Let's take it step by step:

unsigned int _rotl(const unsigned int value, int shift) 
{
  if ((shift &= sizeof(value)*8 - 1) == 0)           //What does this do?
    return value;
  return (value << shift) | (value >> (sizeof(value)*8 - shift));
}

First line:

if ((shift &= sizeof(value)*8 - 1) == 0)           //What does this do?

This statement is an optimization and a check rolled into one line. It returns TRUE if one of two conditions is met:

Shift is zero (i.e. don't rotate any bits)
The number of rotations specified by shift would have no effect

That statement returns FALSE otherwise, but also calculates the minimum number of rotations necessary to achieve the desired result, and stores that value in shift. In other words, it calculates shift = shift % size_of_integer_data_type.

For example, if you have a 32-bit integer, then rotating it by 32 bits does nothing. If you rotate it by 64, 96, or any other multiple of 32, that also accomplishes nothing. If the effect of our rotation does nothing then we save ourselves a lot of time and just quit early.

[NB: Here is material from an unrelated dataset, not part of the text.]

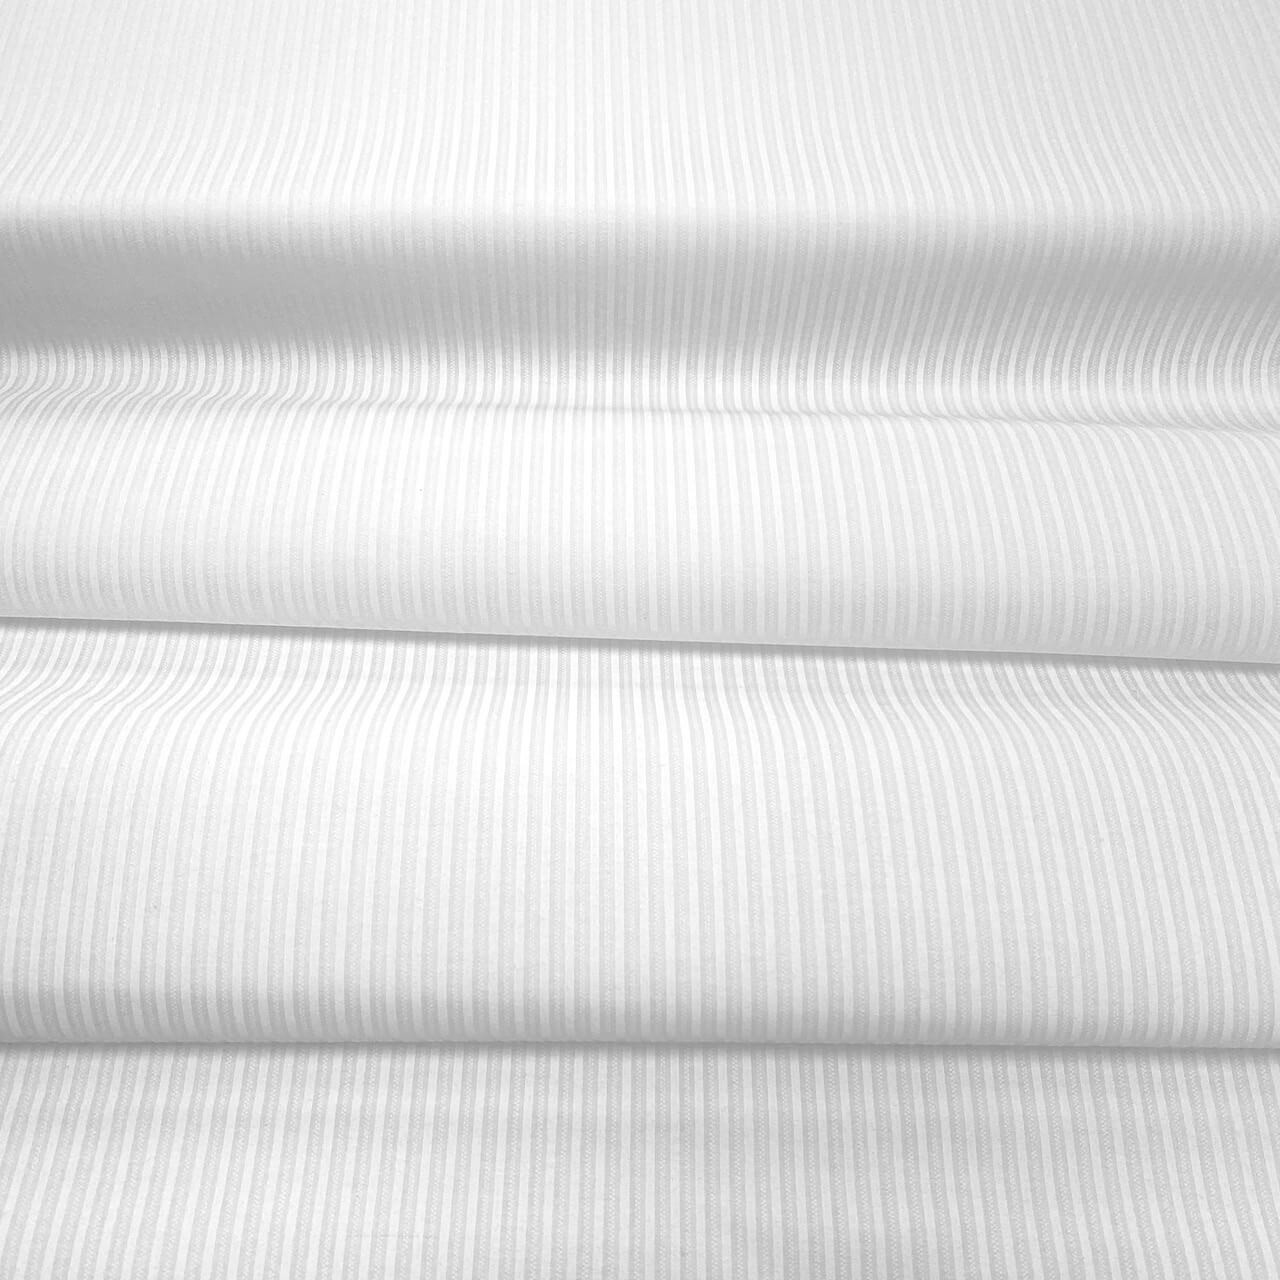 Textured Stripe white-on-white fabric
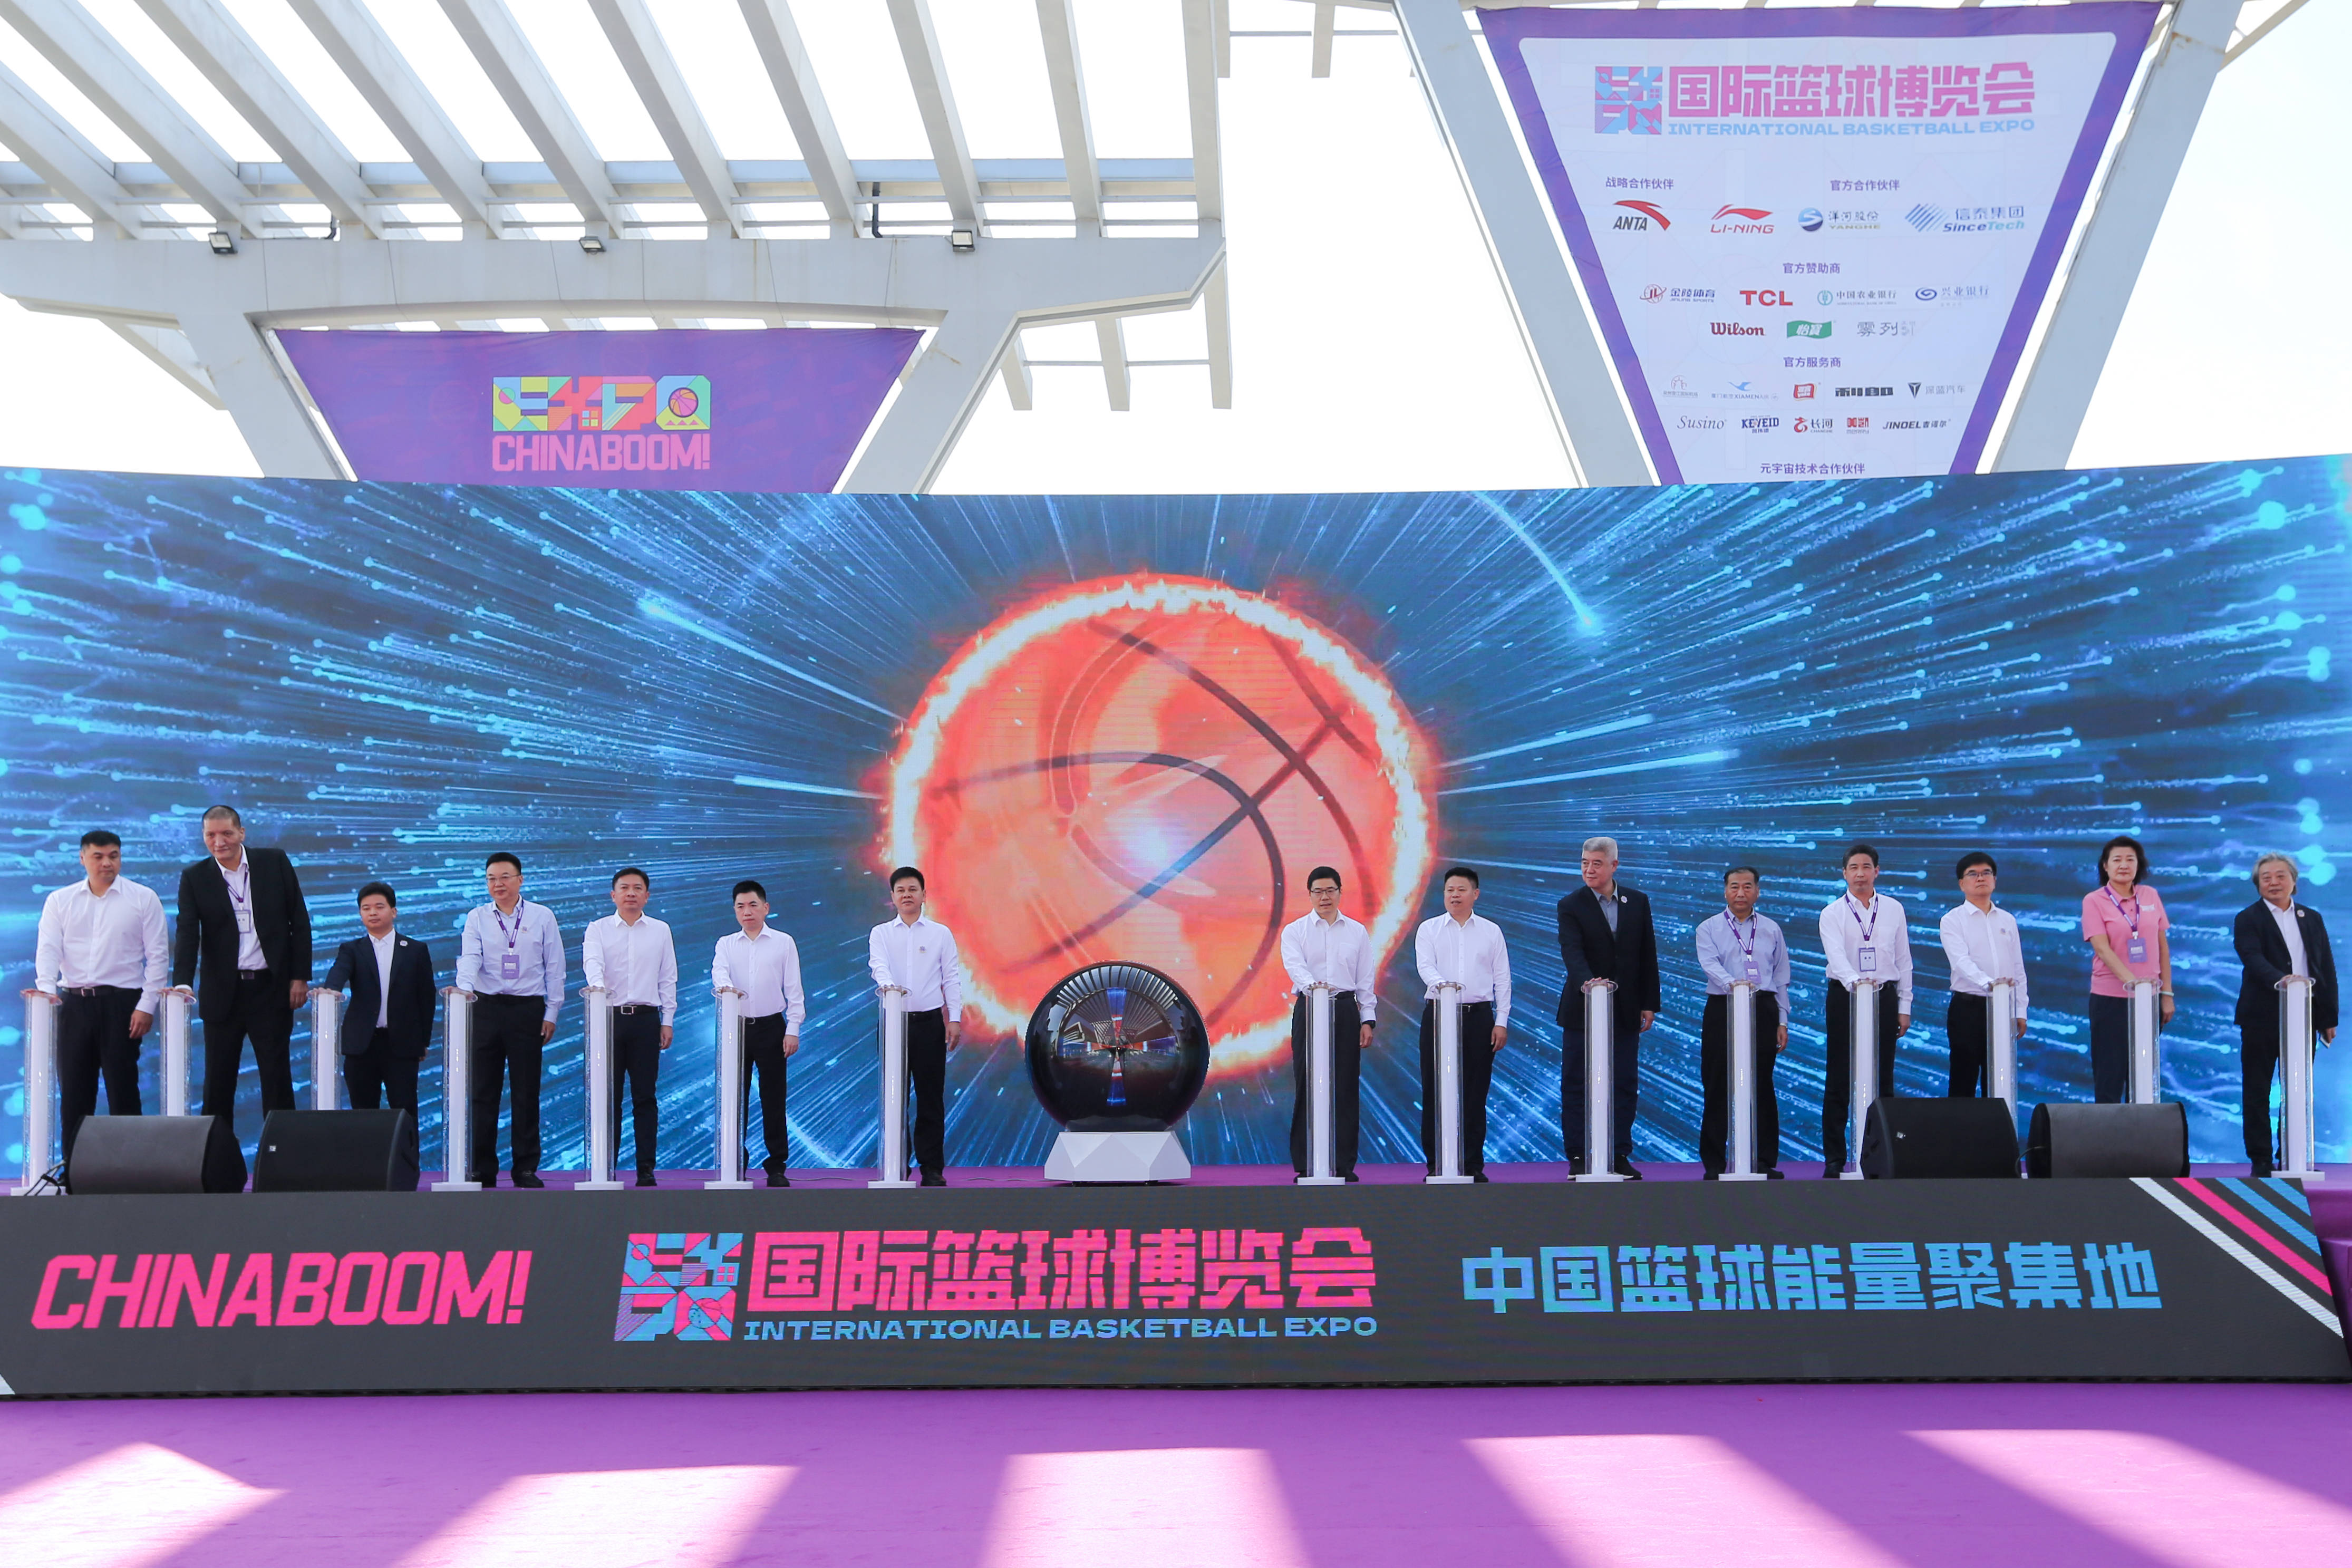 晋江篮球城天下英雄会 首届国际篮球博览会在晋江召开,篮球

However, we might also specify a lot more work than is necessary. If you have a 32-bit integer, then rotating it by one bit has the same effect as rotating it by 33 bits, or by 65 bits, or 97 bits, etc. This code recognizes this fact, so if you specify shift as 97, it reassigns shift=1 and cuts out the extraneous rotations.

The statement sizeof(value)*8 - 1 returns one less than the number of bits in the representation of value. For example, if sizeof(value) evaluates to 4 (which it will on a system with 32-bit integers), then 4*8 - 1 = 31.

The &= operator is a bitwise-AND with assignment. This means we're doing a bitwise-AND between shift and sizeof(value)*8 - 1 and assigning that result to shift. As before, the right hand side of that expression is equal to the number of bits in value minus one. Thus, this has the effect of masking out all bits of shift that are greater than the size of the representation of value, which in turn has the effect of computing shift = shift % size_of_integer_data_type.

To be concrete, reconsider the 32-bit case. As before, sizeof(value)*8-1 evaluates to 31. Bitwise, this value is 0000 0000 0000 0000 0000 0000 0001 1111. That value is bitwise-ANDed with shift. Any bits in shift's 6th to 32nd positions are set to zero, while the bits in the 1st to 5th positions are unchanged. If you were to specify 97 rotations the result would be one.

  0000 0000 0000 0000 0000 0000 0110 0001 (97)
& 0000 0000 0000 0000 0000 0000 0001 1111 (31)
=========================================
  0000 0000 0000 0000 0000 0000 0000 0001 (1)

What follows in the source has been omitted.